Legal claims defining the scope of protection, as filed with the USPTO.

1. A speech encoding apparatus comprising: a linear prediction analyzing section that performs a linear prediction analysis with respect to a speech signal to generate a linear prediction coefficient; a quantizing section that quantizes the linear prediction coefficient; a perceptual weighting section that performs perceptual weighting filtering with respect to an input speech signal to generate a perceptual weighted speech signal using a transfer function including a tilt compensation coefficient for adjusting a spectral slope of a quantization noise; a tilt compensation coefficient control section that controls the tilt compensation coefficient using a signal to noise ratio of the speech signal in a first frequency band; and an excitation search section that performs an excitation search of an adaptive codebook and fixed codebook to generate an excitation signal using the perceptual weighted speech signal.

2. The speech encoding apparatus according to claim 1 , wherein the tilt compensation coefficient control section controls the tilt compensation coefficient using the signal to noise ratio of a first signal in the first frequency band of the speech signal and a signal to noise ratio of a second signal in a second frequency band higher than the first frequency band of the speech signal.

3. The speech encoding apparatus according to claim 2 , wherein the tilt compensation coefficient control section further comprises: an extracting section that extracts from the speech signal the first signal in the first frequency band and the second signal in the second frequency band higher than the first frequency band; an energy calculating section that calculates an energy of the first signal and an energy of the second signal; a noise period energy calculating section that calculates an energy of a noise period in the first signal and an energy of a noise period in the second signal; a signal to noise ratio calculating section that calculates a signal to noise ratio of the first signal and a signal to noise ratio of the second signal; and a tilt compensation coefficient calculating section that acquires the tilt compensation coefficient by multiplying a difference between the signal to noise ratio of the first signal and the signal to noise ratio of the second signal and a first constant, and further adding a second constant to a multiplication result.

4. The speech encoding apparatus according to claim 3 , wherein the tilt compensation coefficient comprises a tilt compensation coefficient for shaping a low band component of the quantization noise higher when the signal to noise ratio of the second signal becomes higher than the signal to noise ratio of the first signal, and shaping a high band component of the quantization noise higher when the signal to noise ratio of the first signal becomes higher than the signal to noise ratio of the second signal.

5. The speech encoding apparatus according to claim 3 , wherein the tilt compensation coefficient control section further comprises: a lower limit value calculating section that calculates a lower limit value of the tilt compensation coefficient by adding the energy of the noise period in the first signal and the energy of the noise period in the second signal, and further multiplying an addition result by a third constant; and a limiting section that limits the tilt compensation coefficient to a range between the lower limit value and a predetermined upper limit value.

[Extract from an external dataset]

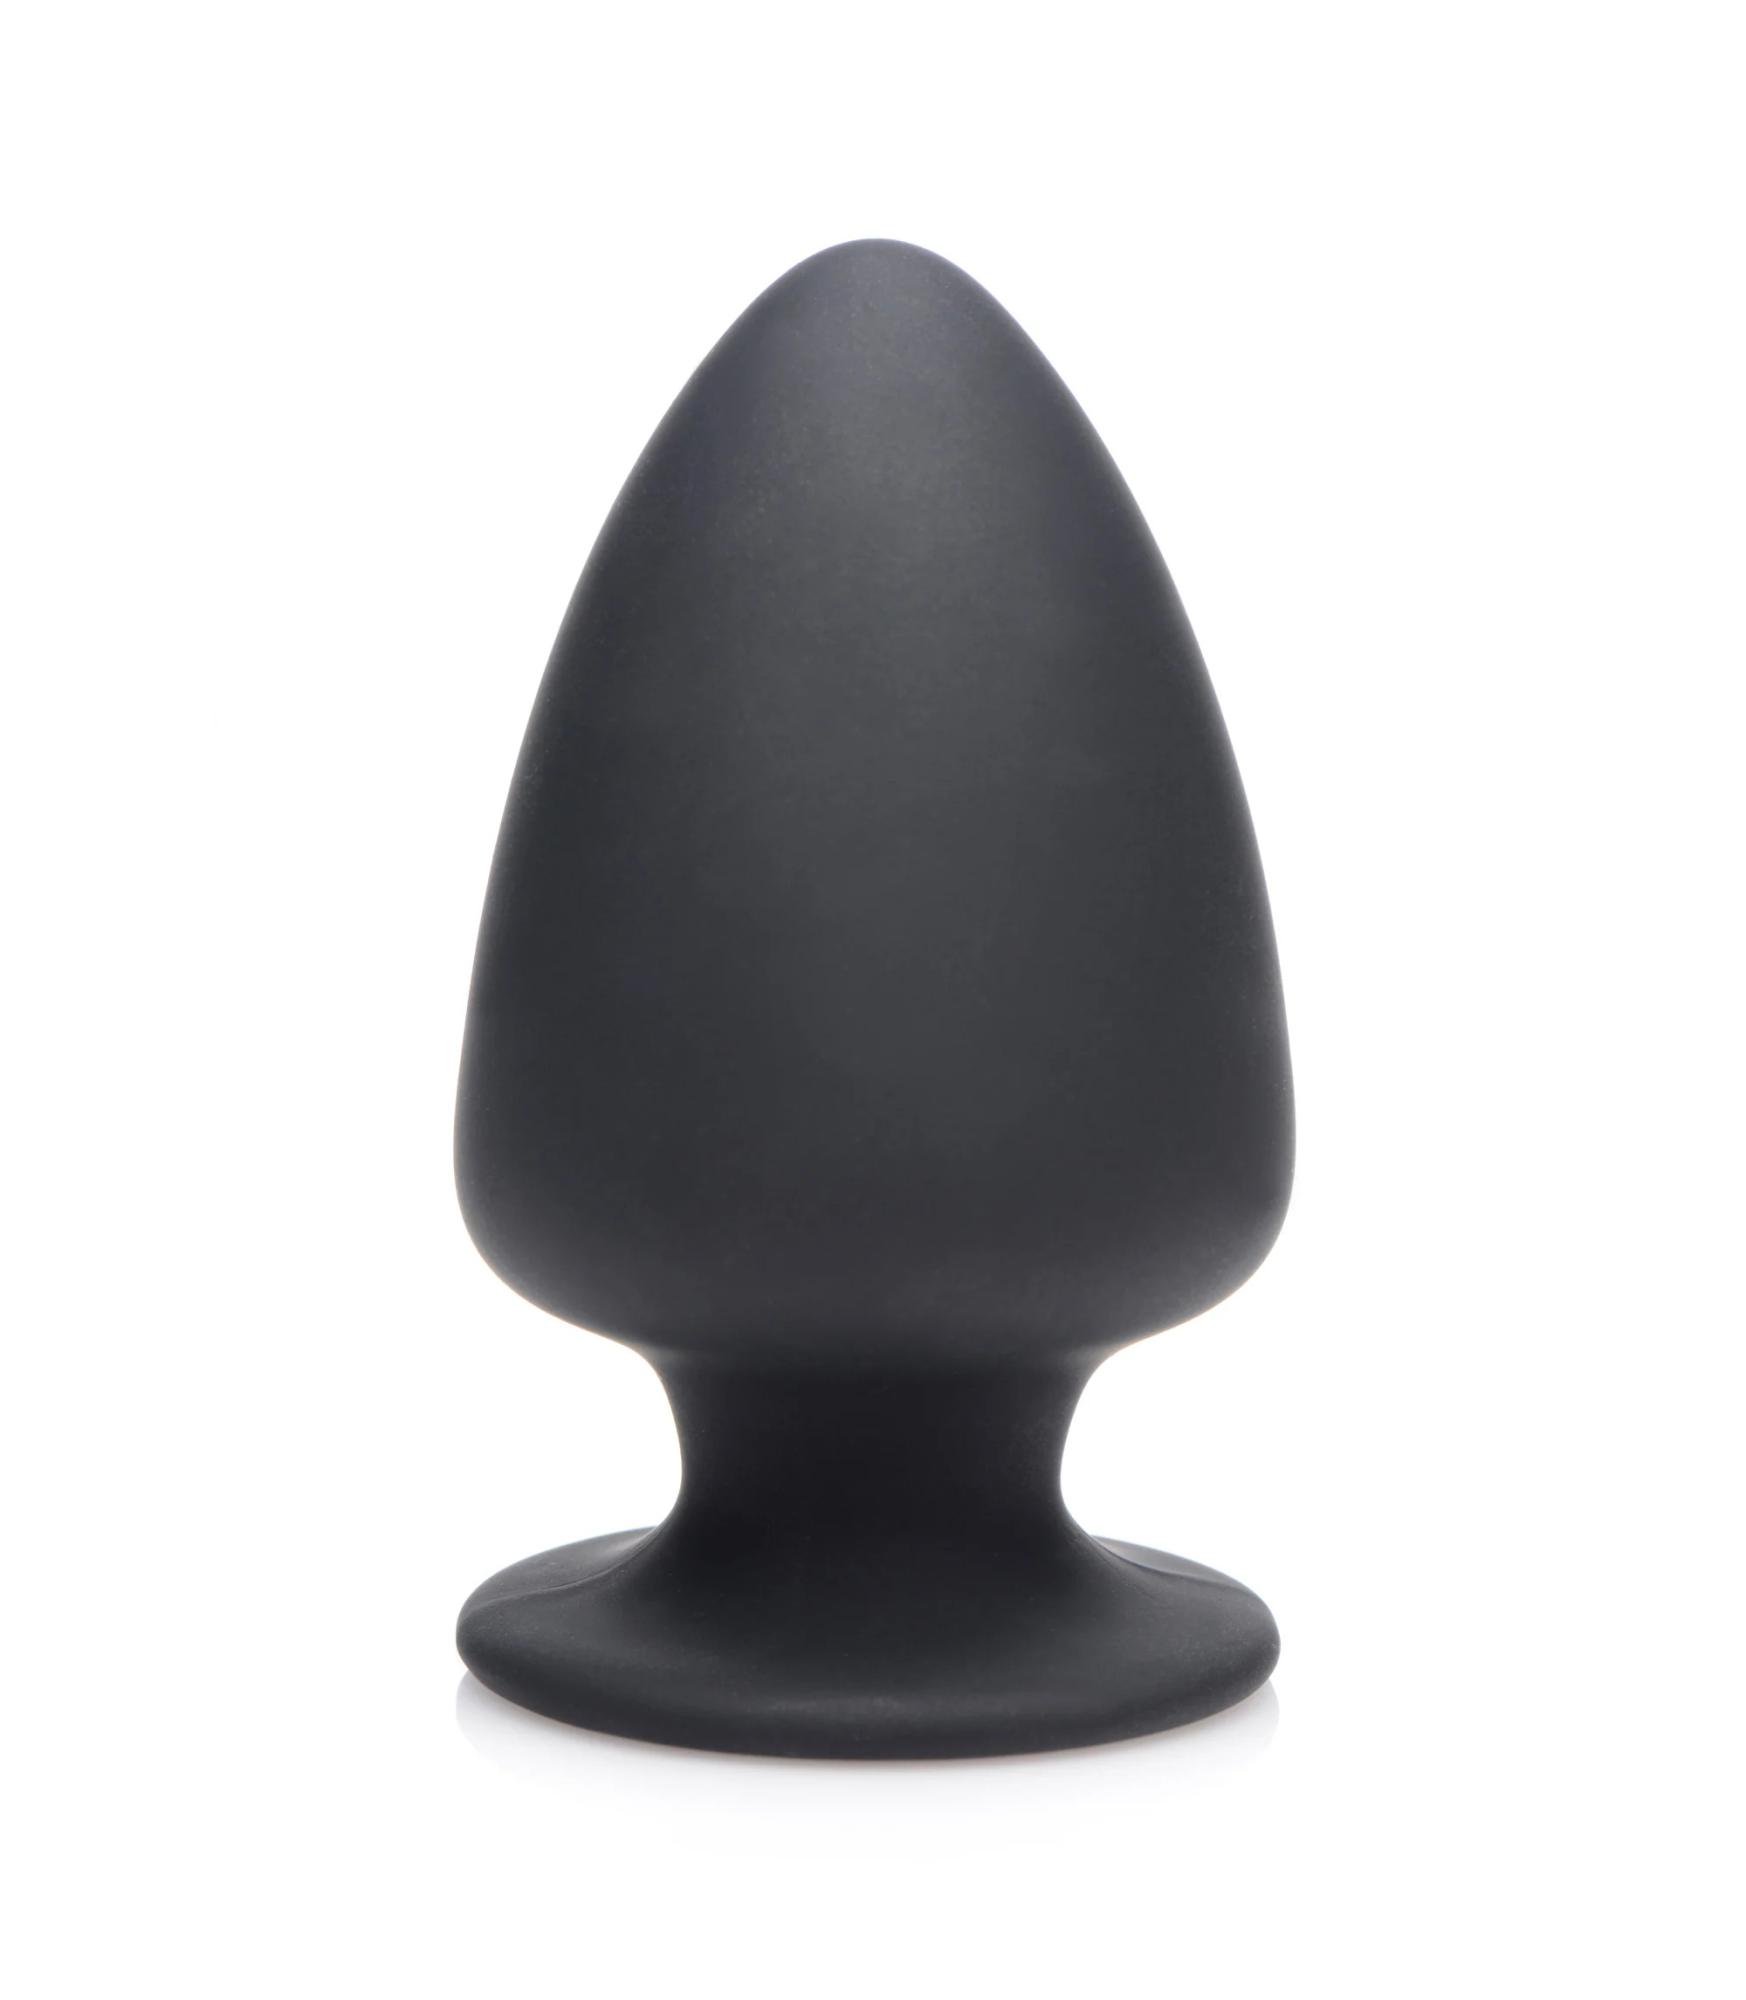 Squeeze-It Silicone Anal Plug Small - мягкая гибкая анальная пробка, S 9х5.1 см (чёрный) - фото 1

6. The speech encoding apparatus according to claim 2 , wherein the tilt compensation coefficient control section further comprises a noise period detecting section that detects as a noise period one of a period in which an energy calculated using the speech signal is less than a first threshold, and a period in which a parameter equivalent to a reciprocal of a linear prediction gain acquired by the linear prediction analysis with respect to the speech signal is less than a second threshold and in which a pitch prediction gain acquired by pitch analysis with respect to the speech signal is less than a third threshold.

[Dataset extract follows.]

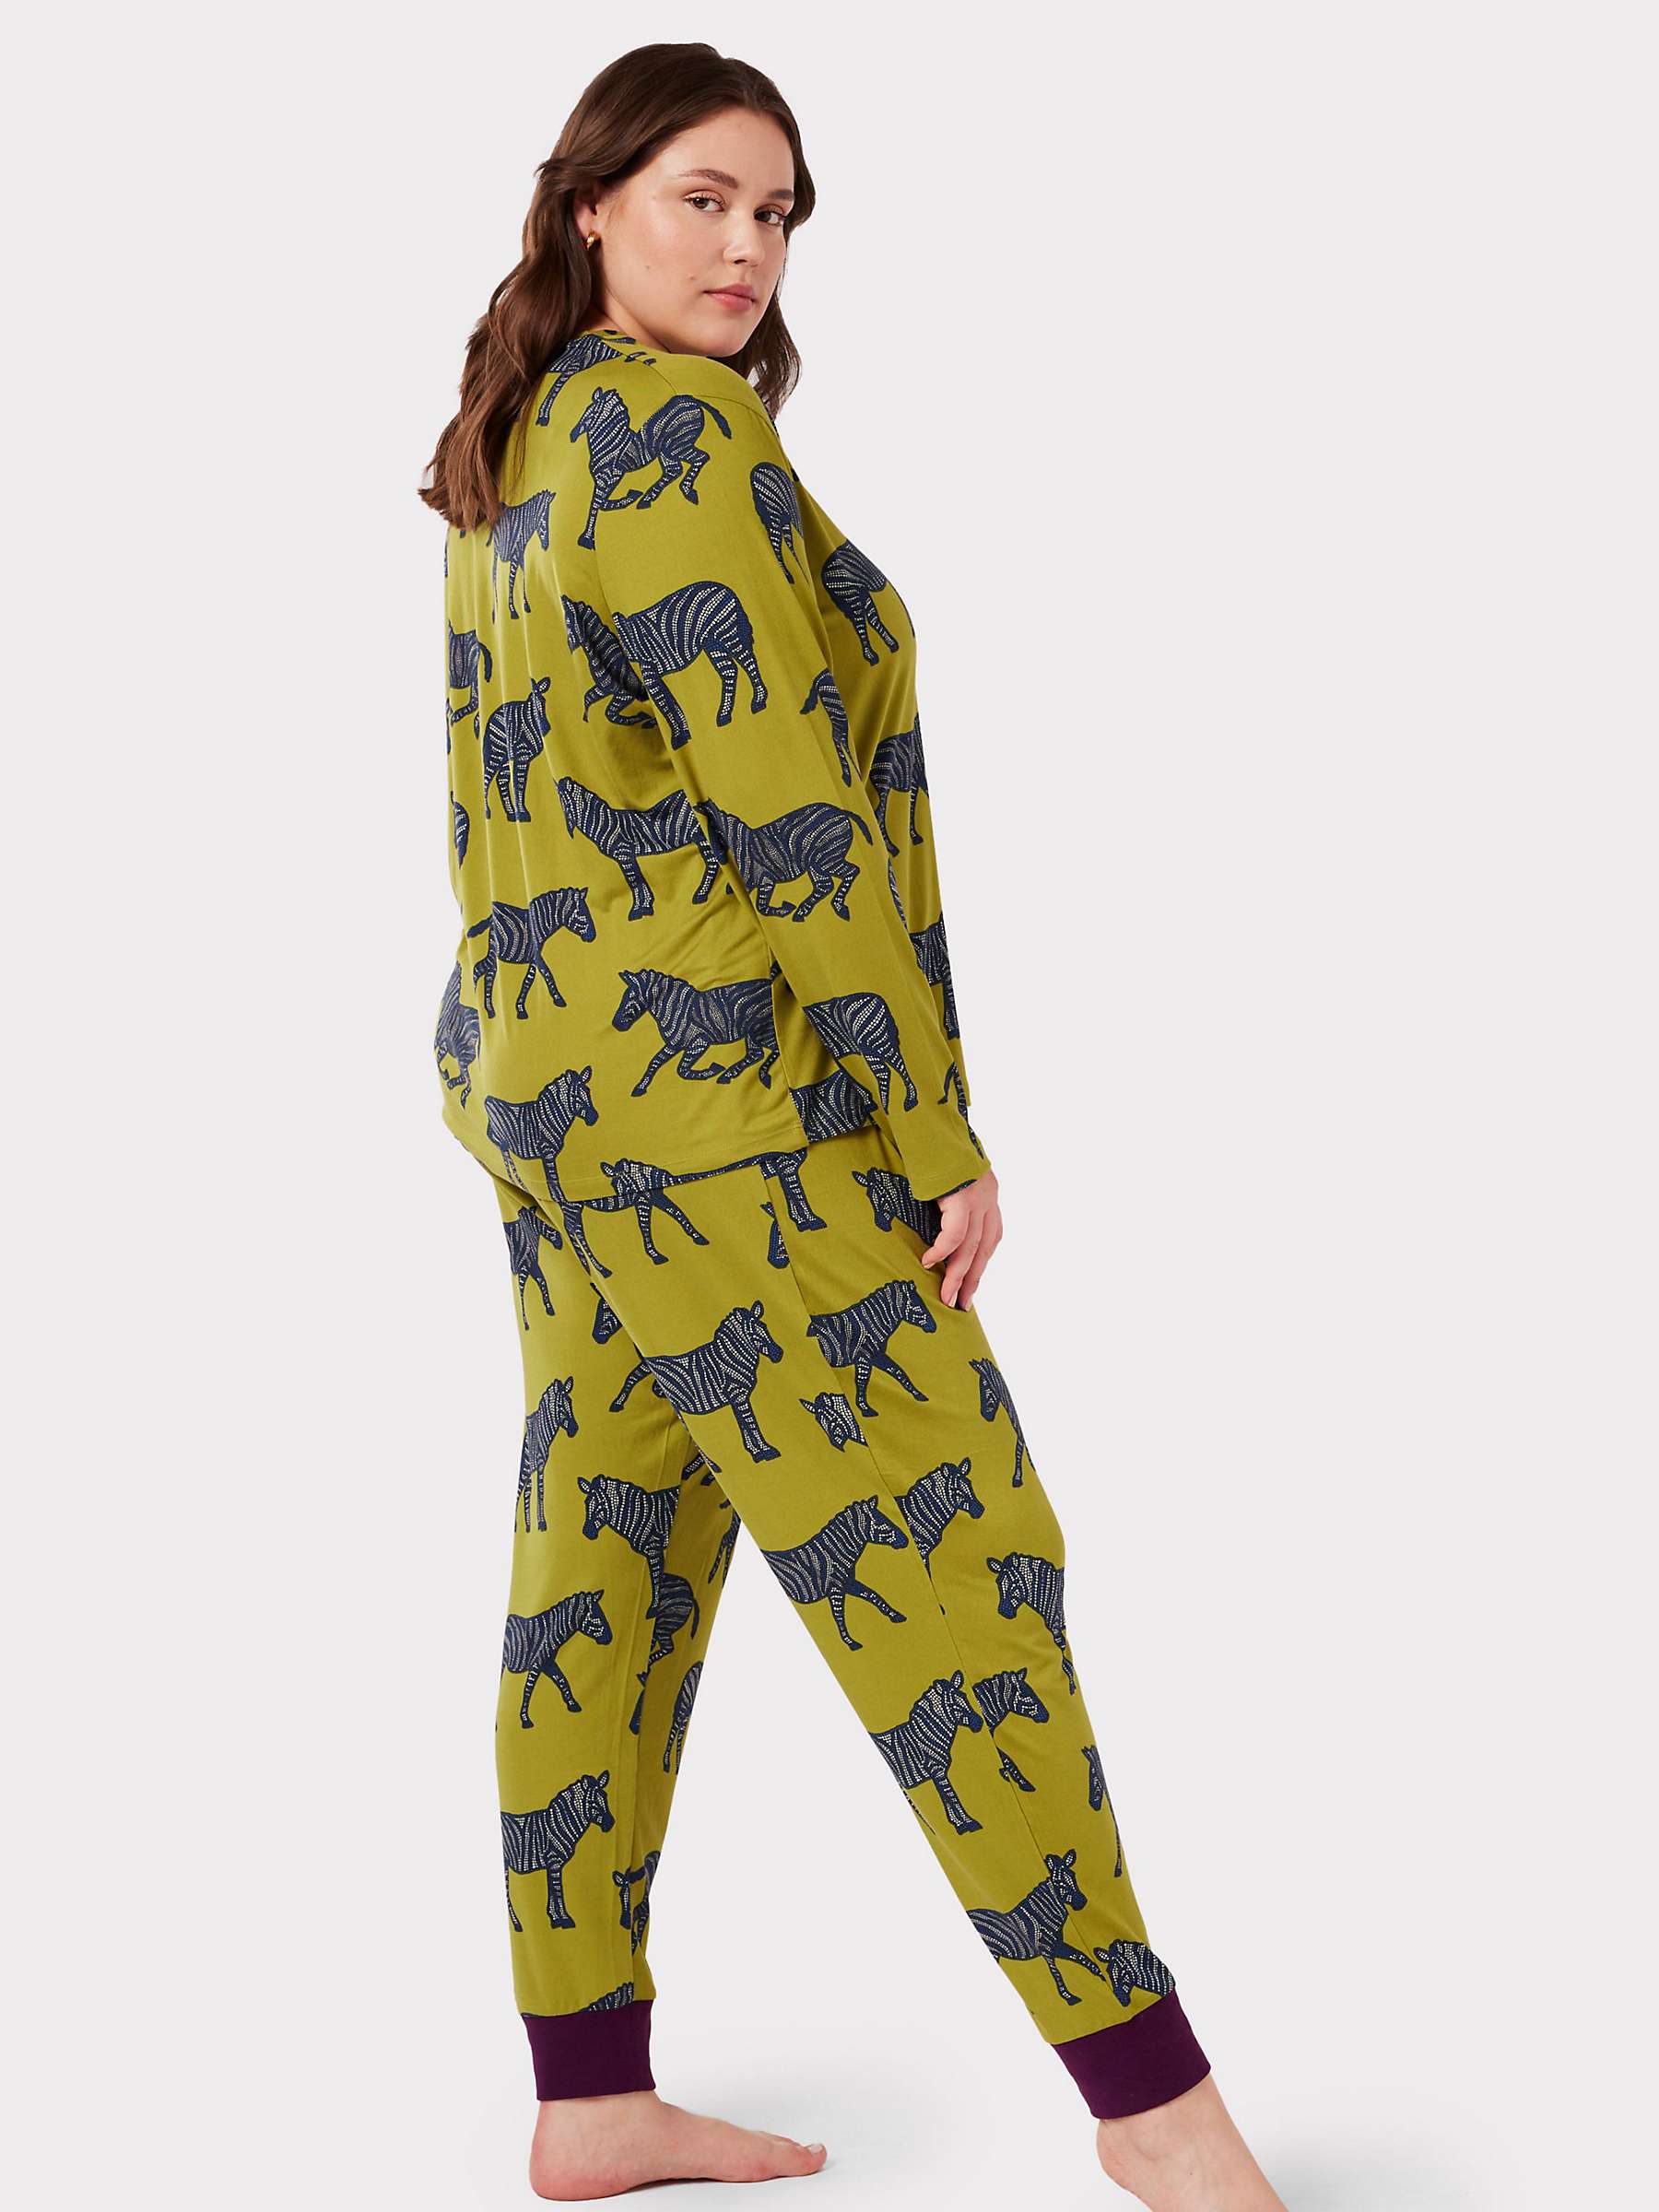 Chelsea Peers Curve Zebra Print Long Pyjamas, Khaki at John Lewis ...

7. The speech encoding apparatus according to claim 6 , wherein the noise period detecting section detects the noise period of the speech signal using an energy acquired by adding an energy of the first signal and an energy of the second signal, a parameter relating to the linear prediction gain acquired in a process of the linear prediction analysis in the linear prediction analyzing section, and the pitch prediction gain acquired in a process of the excitation search.

8. The speech encoding apparatus according to claim 7 , further comprising: a first counter that counts the number of frames determined consecutively as the noise period; and a second counter that counts the number of frames determined consecutively as a speech period, wherein, in the detected noise period, the noise period detecting section detects a period corresponding to one of a period in which a value on the first counter is less than a fourth threshold, a period in which a value on the second counter is equal to or greater than a fifth counter, and a period in which the signal to noise ratio of the first signal and the signal to noise ratio of the second signal are both less than a sixth threshold.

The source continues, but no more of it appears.